When Negligence Becomes Manslaughter

 

I’ve been following the New York criminal trial of a crane master rigger. He was charged with seven counts of manslaughter after a crane which he “jumped” had collapsed, causing the deaths of several workers. Today, the judge entered not guilty verdicts in favor of the rigger on all seven counts. I’m sure that is one relieved construction worker who never thought he could end up in a criminal courtroom for his acts on a construction site. Here is a copy of the first report of the verdict from New York Construction.com:  http://is.gd/dConm
 
I have grave concerns about any time when someone is criminally charged with an offense after some type of accident. This crane rigger, for example, appeared to have gotten swept up in a political issue of crane safety in New York City which might have played some role in having him criminally charged for his actions. New York has been the site of several crane collapses in recent years, each of which has caused an uproar about safety. These incidents have drawn a great deal of attention on the City’s inspection procedures. When that type of focus is aimed at a governmental unit, the result can be politically based decisions to criminally prosecute in order to draw away the fire from the government.
 
I’ve experienced other situations in which there a civil suit has been filed or was about to be filed but in which there have also been pending criminal prosecutions.
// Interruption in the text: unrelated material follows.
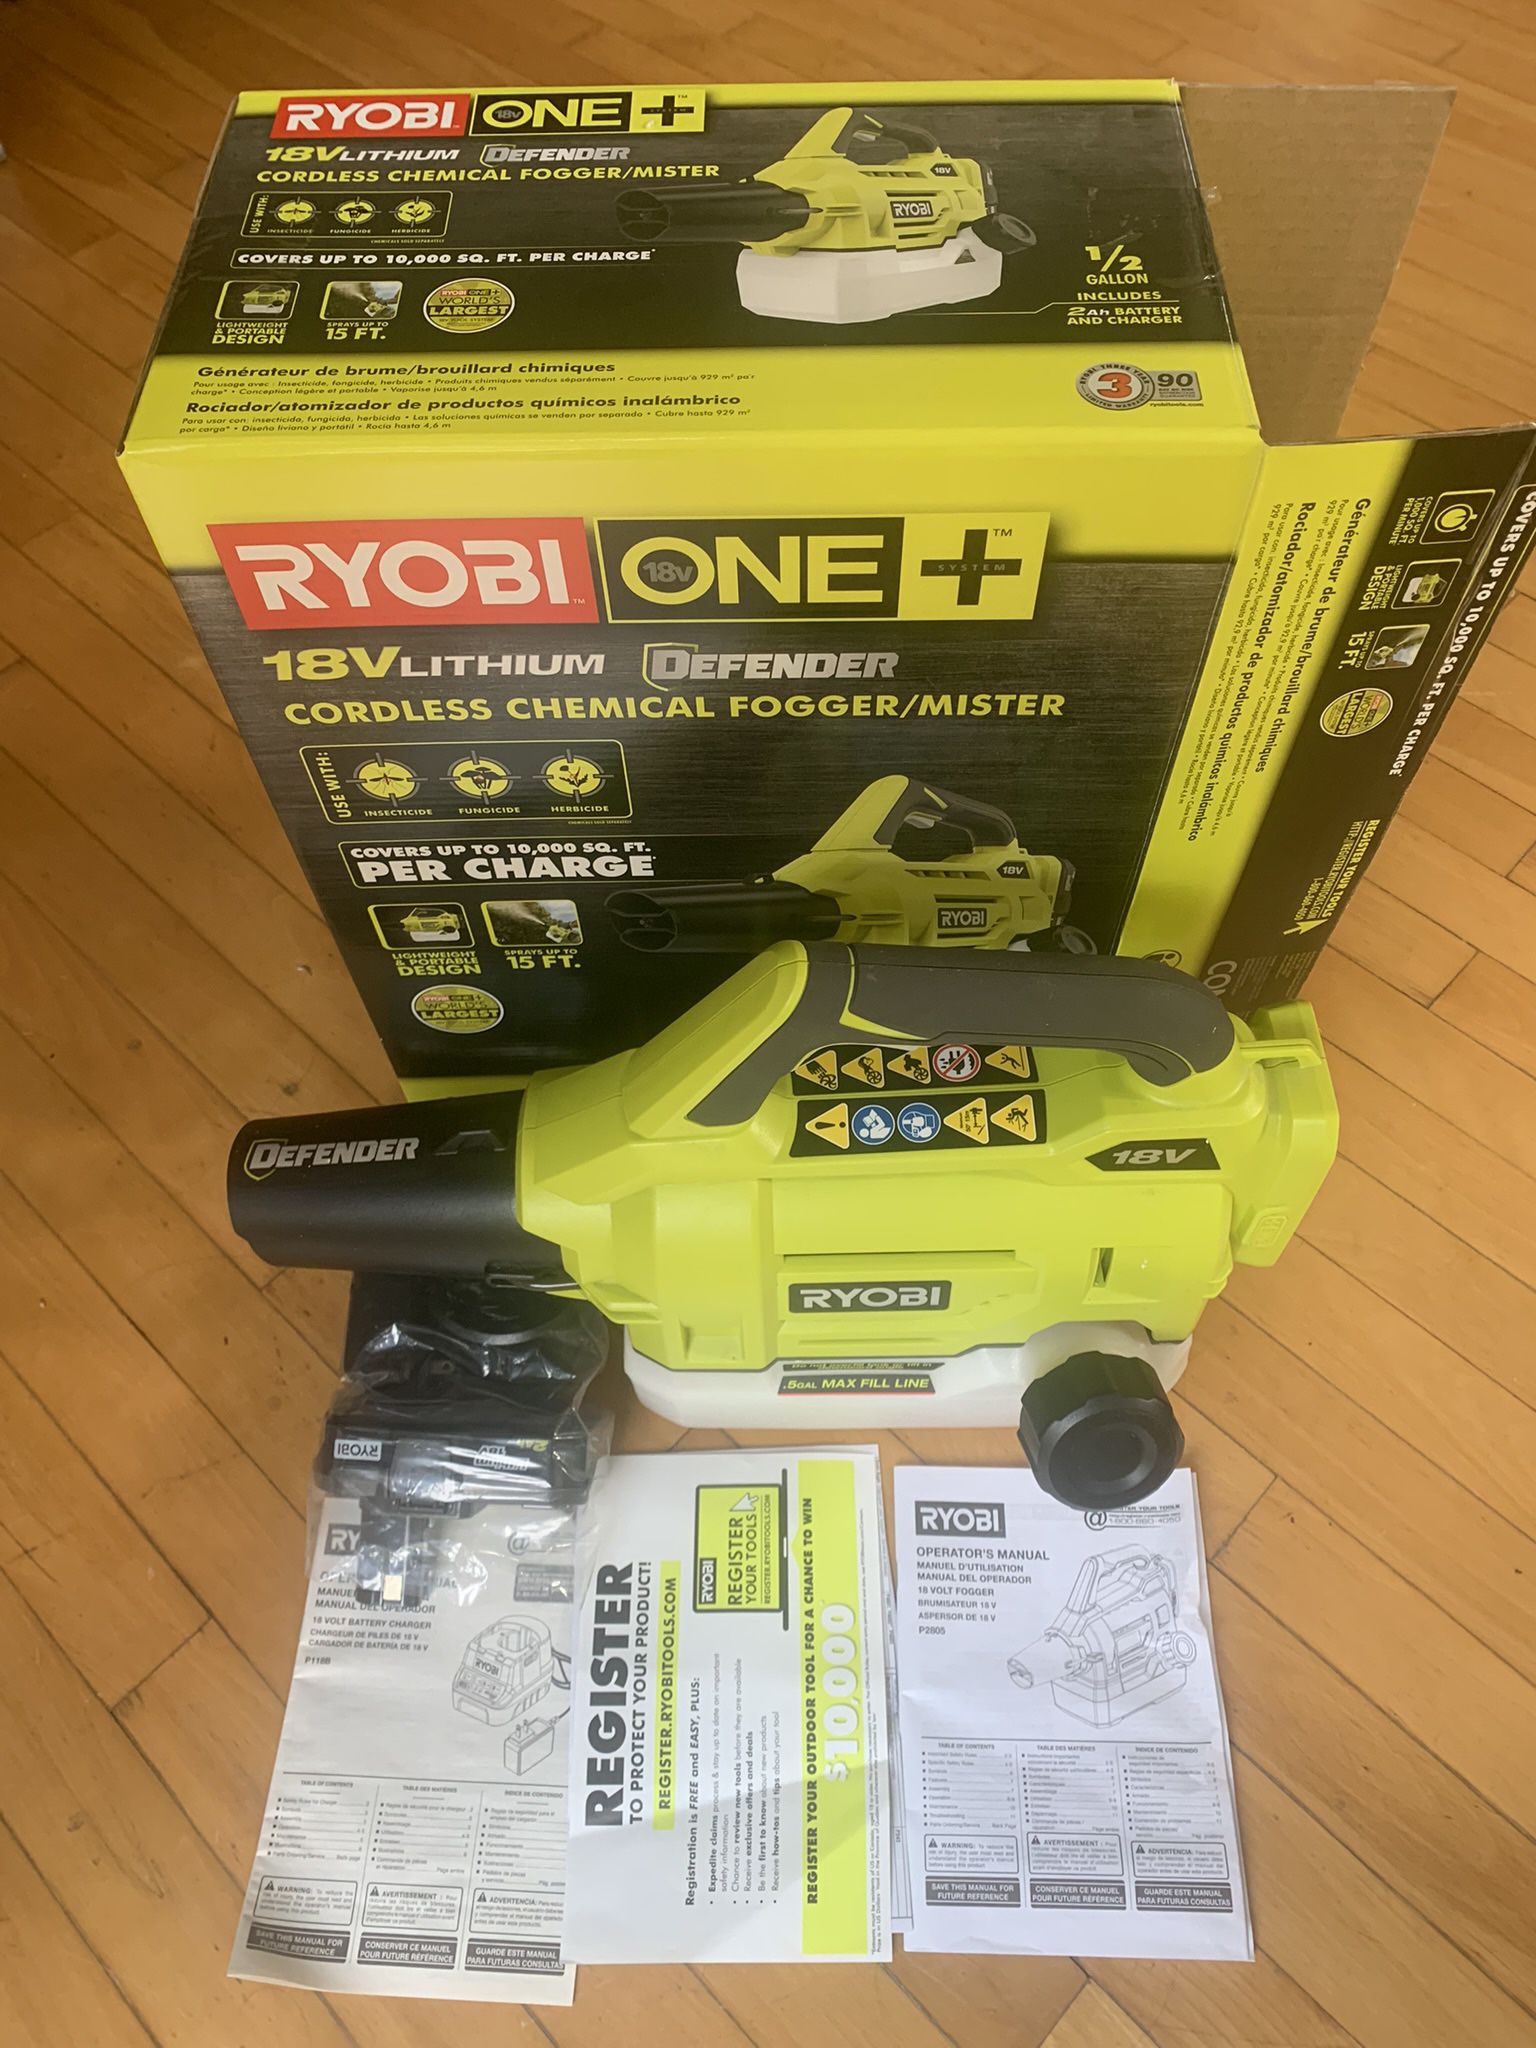 Ryobi ONE+ 18V Cordless 0.5 Gallon Sprayer Pest Insects Indoor Outdoor + 2.0 Ah Battery & Charger + Manual Box ECU

Much of the time, this occurs following a serious motor vehicle accident so it is almost a routine action. Nevertheless, there is sometimes much pressure brought to bear on the prosecutors by the victim’s civil attorney to obtain a conviction. If it is minor traffic offense, then a finding of guilty after the defendant pleaded not guilty will not be admissible as evidence in a later civil suit. The law on that issue is as follows:
 
It is the general rule in Illinois that a plea of guilty to a traffic citation is admissible at a subsequent civil proceeding as evidence of the defendant’s admission to guilt of the underlying incident, but that a conviction for the same offense following a not guilty plea cannot be considered evidence in the later civil proceeding. Thurmond v. Monroe, 159 Ill.2d 240, 636 N.E.2d 544, 201 Ill.Dec. 112 (1994); Wright v. Stokes, 167 Ill.App.3d 887, 522 N.E.2d 308 (5th Dist. 1988); Hengles v. Gilski, 127 Ill. App. 3d 894, 469 N.E.2d 708 (1984), relying on Smith v. Andrews, 54 Ill.App.2d 51, 62, 203 N.E.2d 160, 166 (1965); Hartigan v. Robertson, 87 Ill. App. 3d 732, 738, 409 N.E.2d 366, 371 (1980). The guilty plea is treated differently than a conviction following a not guilty plea because the plea of guilty is taken as a judicial admission made by the defendant. Spircoff v. Stranski, 301 Ill.App.3d 10, 703 N.E.2d 431, 234 Ill.Dec. 570 (1st Dist. 1998).
 
In a few of the situations I’ve seen where a plaintiff’s lawyer is putting pressure on a prosecutor, that pressure is directed to seeking a guilty plea (so it can be used as evidence in the civil suit) rather than on obtaining a conviction to see that “justice is done.” I can’t blame the plaintiff attorneys for this as it is attempting to obtain the best position for their clients in the civil case.
 
The real problem is the role of prosecutors in attempting to assuage public or political outcry by carrying out prosecutorial discretion in a manner which deviates from the normal exercise of discretion.
 
I cannot make a definitive statement about the motivations of the New York prosecutors in pressing criminal charges against a construction worker. All I know is that when the political system gets involved in attempting to find “justice” following accidents, we should all be careful.